• WORK TASK: Copying rule for the data below: pictures stay out, and only the lines from the one with "School Brochure Template" down to the one with "De Hoppstar siliconen", inclusive, are repeated exactly.

== DATA FOR THE TASK

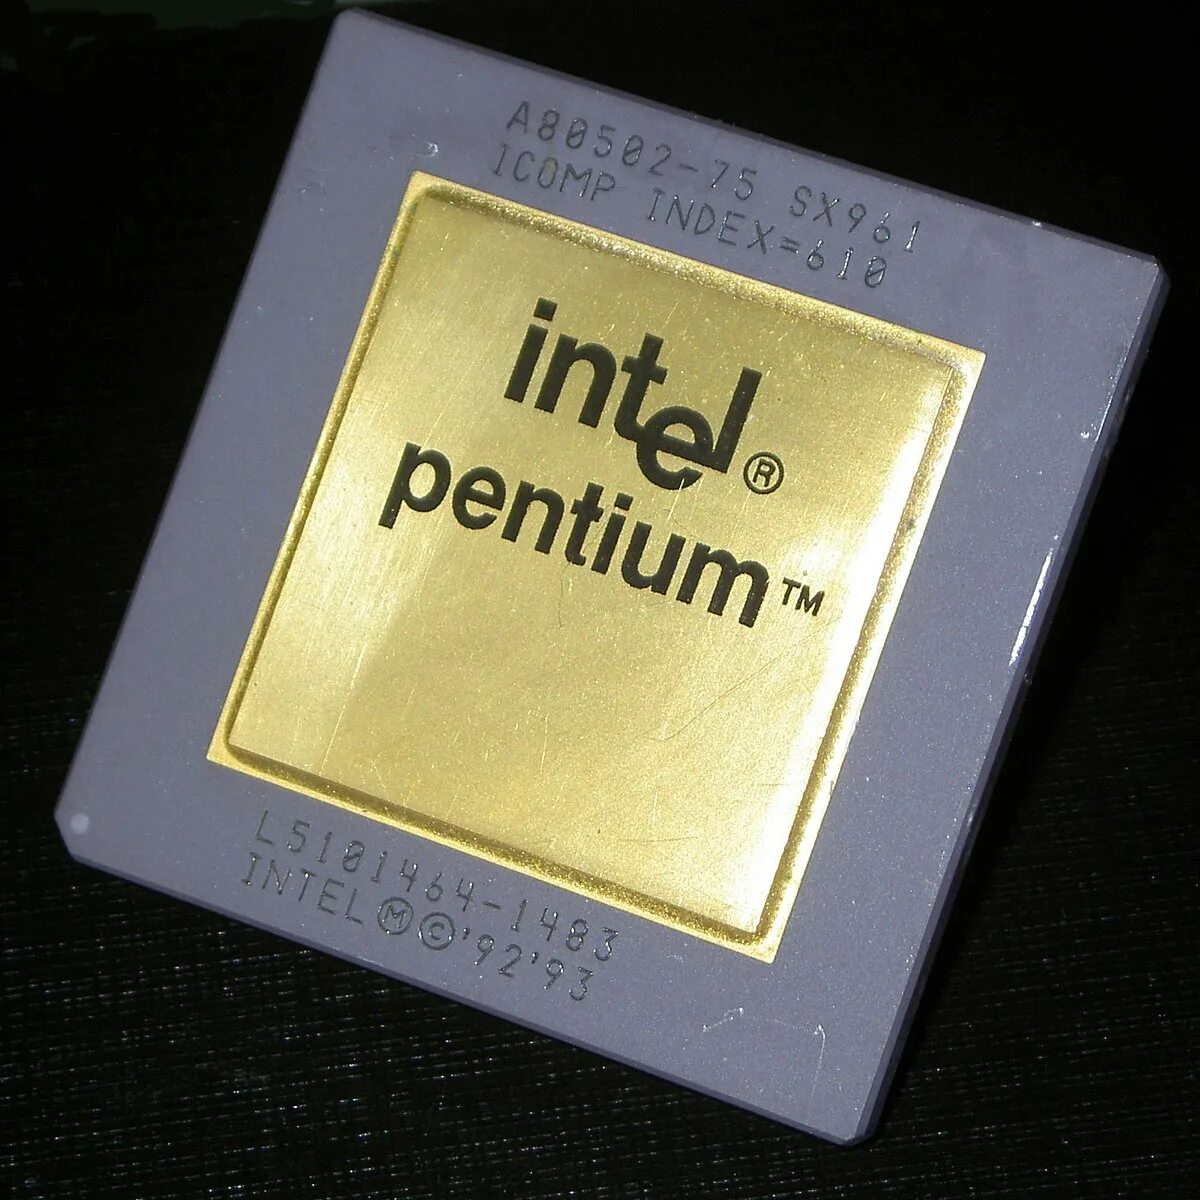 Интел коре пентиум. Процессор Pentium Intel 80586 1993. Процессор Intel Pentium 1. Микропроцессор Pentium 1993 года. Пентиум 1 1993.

====
== DATA FOR THE TASK

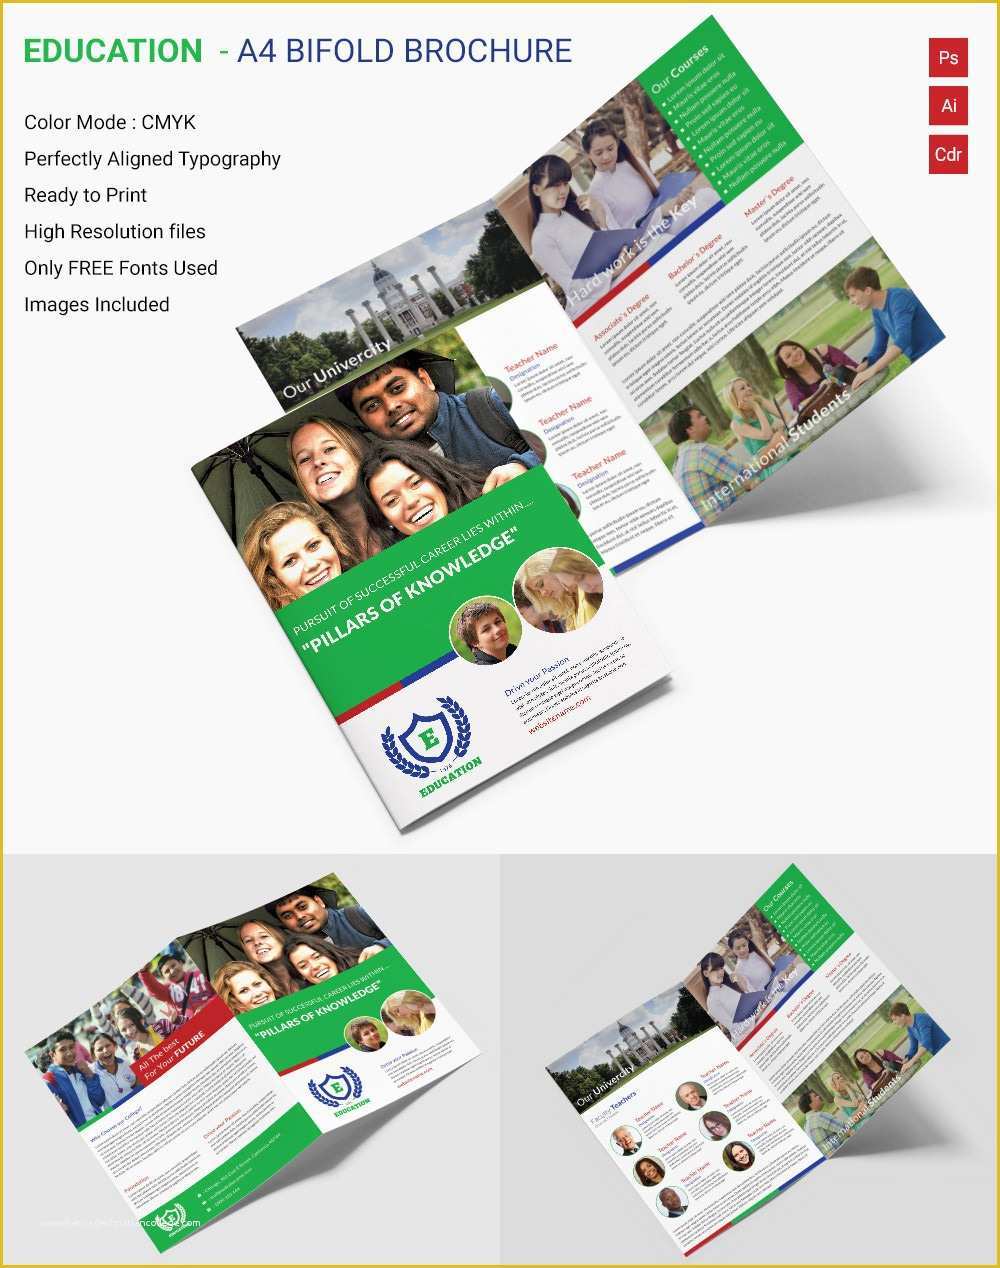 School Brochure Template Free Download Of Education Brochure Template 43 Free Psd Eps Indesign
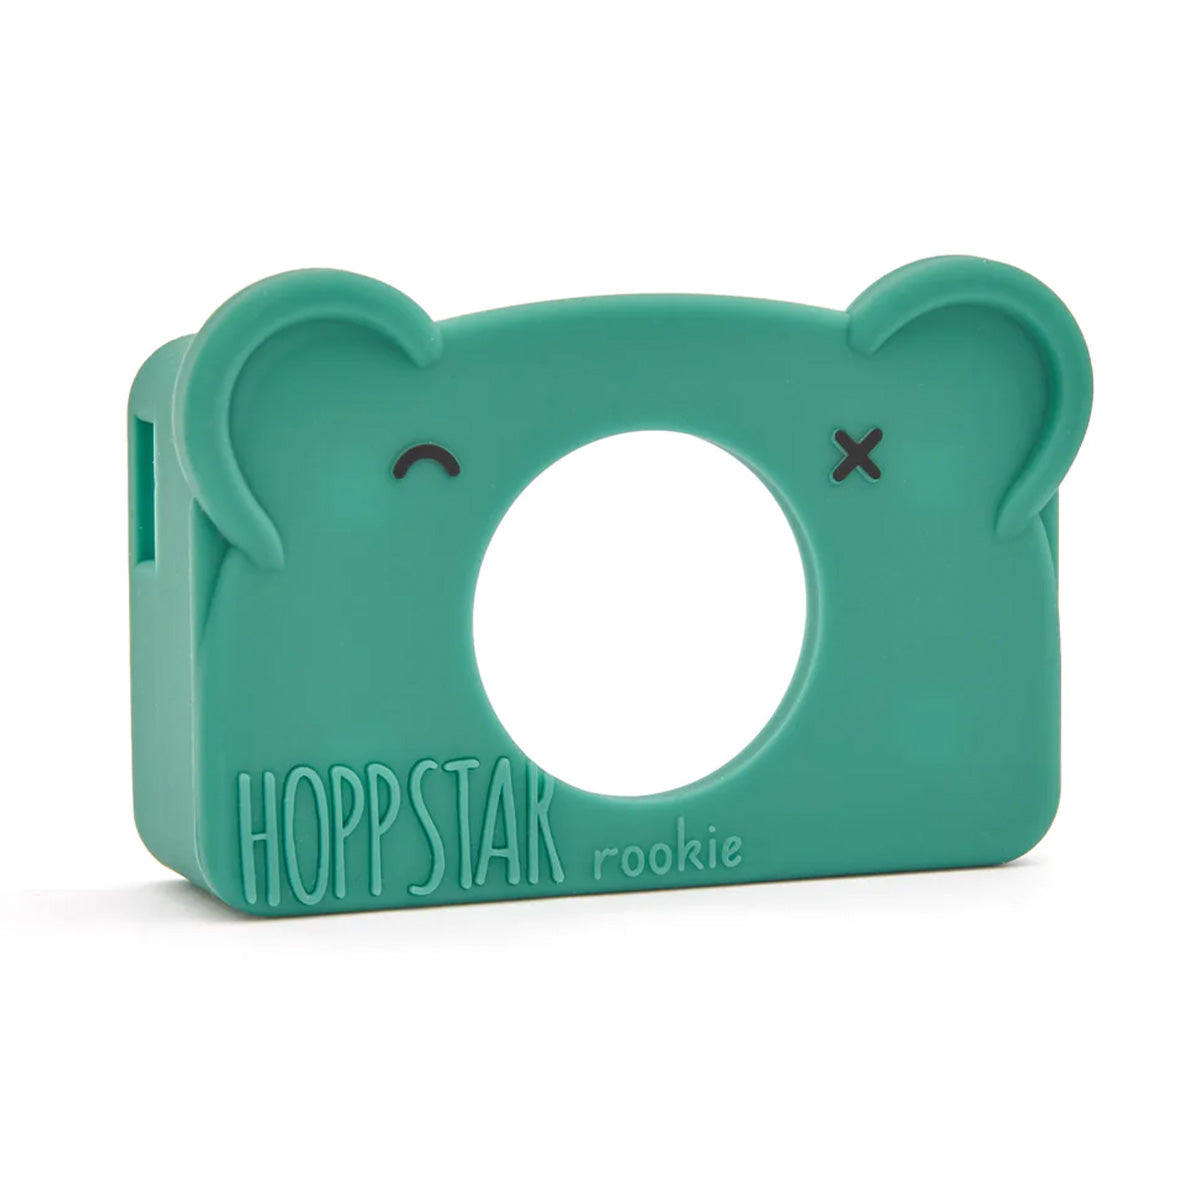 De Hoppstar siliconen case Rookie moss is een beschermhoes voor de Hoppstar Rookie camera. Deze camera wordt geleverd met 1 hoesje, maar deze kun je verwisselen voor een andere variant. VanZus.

====

• RESULT:
 School Brochure Template Free Download Of Education Brochure Template 43 Free Psd Eps Indesign
 De Hoppstar siliconen case Rookie moss is een beschermhoes voor de Hoppstar Rookie camera. Deze camera wordt geleverd met 1 hoesje, maar deze kun je verwisselen voor een andere variant. VanZus.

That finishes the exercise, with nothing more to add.